Joe, have you tried sourdough bread. You can get it with a whole load of different mixes of grains seeds and the sort. I don't mean the stuff that is like traditional bread, but the stuff that looks very dark brown/ black and comes in small heavy square/ rectangular shape. See top of the link at the Biona brand. Very tasty and calorie dense. Plus you can get it with out sugar/ salt ect. http://www.google.co.uk/images?um=1&hl=en&client=safari&rls=en&biw=1284&bih=592&tbs=isch%3A1&sa=1&q=rye+hemp+bread&aq=f&aqi=&aql=&oq=


----------



## Fatstuff (Mar 2, 2010)

chilli said:


> mother's pride extra thick long life white anyone?


Yes please nom nom nom


----------



## Andrew Jacks (Sep 29, 2010)

Mostly bread is crap stuff, best avoided unless youre wife's frying bacon the morning after an a good session, then roll on the red sauce


----------



## JoePro (Aug 26, 2009)

greenspin said:


> Joe, have you tried sourdough bread. You can get it with a whole load of different mixes of grains seeds and the sort. I don't mean the stuff that is like traditional bread, but the stuff that looks very dark brown/ black and comes in small heavy square/ rectangular shape. See top of the link at the Biona brand. Very tasty and calorie dense. Plus you can get it with out sugar/ salt ect. http://www.google.co.uk/images?um=1&hl=en&client=safari&rls=en&biw=1284&bih=592&tbs=isch%3A1&sa=1&q=rye+hemp+bread&aq=f&aqi=&aql=&oq=


Sorry about the reply, forgot about the forums.

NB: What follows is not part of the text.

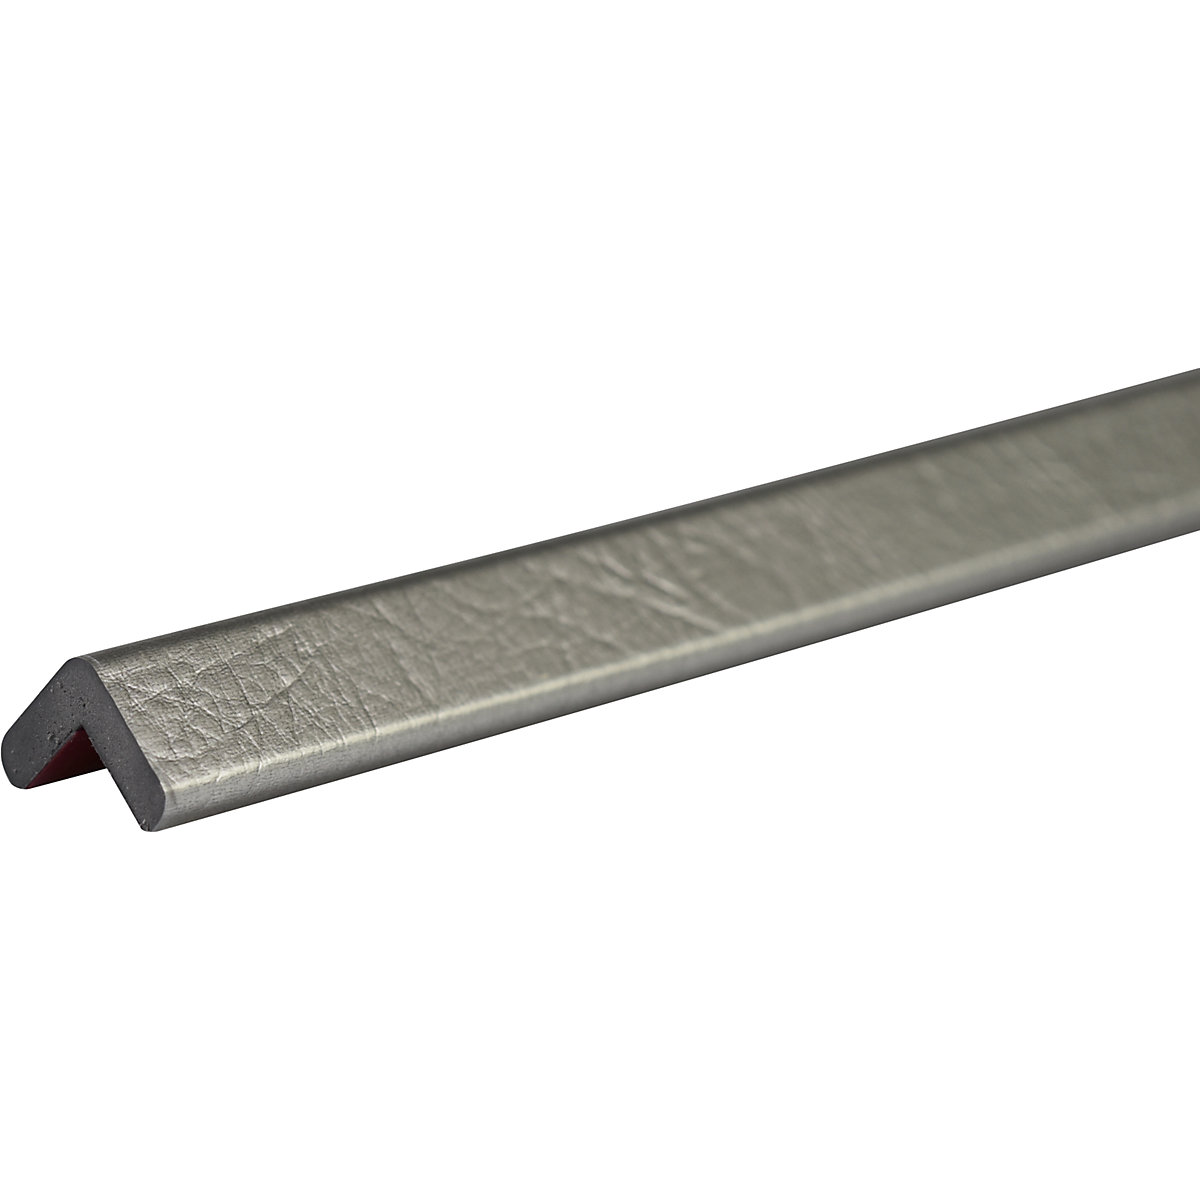 Knuffi®-hoekbescherming – SHG, type E, stuk van 1 m, zilverkleurig-15

Nah I haven't yet man, I'll check it out though sounds not bad.


----------



## Milky (Nov 30, 2008)

bayman said:


> Burgen bread if you like bitch tits.


??????


----------



## danny1871436114701 (May 2, 2010)

because it has soya in it and linked to raised estrogen, Poliquin states soy is for dorks LOL


----------



## WannaGetHench (Aug 22, 2010)

Milky said:


> ??????


x2


----------



## MuscleFood (Jul 27, 2012)

Burgen bread is good, of course there is our high Protein bread too


----------



## Guest (Aug 7, 2013)

Greenspin said:


> Joe, have you tried sourdough bread. You can get it with a whole load of different mixes of grains seeds and the sort. I don't mean the stuff that is like traditional bread, but the stuff that looks very dark brown/ black and comes in small heavy square/ rectangular shape. See top of the link at the Biona brand. Very tasty and calorie dense. Plus you can get it with out sugar/ salt ect. http://www.google.co.uk/images?um=1&hl=en&client=safari&rls=en&biw=1284&bih=592&tbs=isch%3A1&sa=1&q=rye+hemp+bread&aq=f&aqi=&aql=&oq=


Now I know where to purchase my next door stopper :laugh:

Seriously that bread, looks like some serious chewing is in order.


----------



## Greenspin (Dec 27, 2010)

tkd67 said:


> Now I know where to purchase my next door stopper :laugh:
> 
> Seriously that bread, looks like some serious chewing is in order.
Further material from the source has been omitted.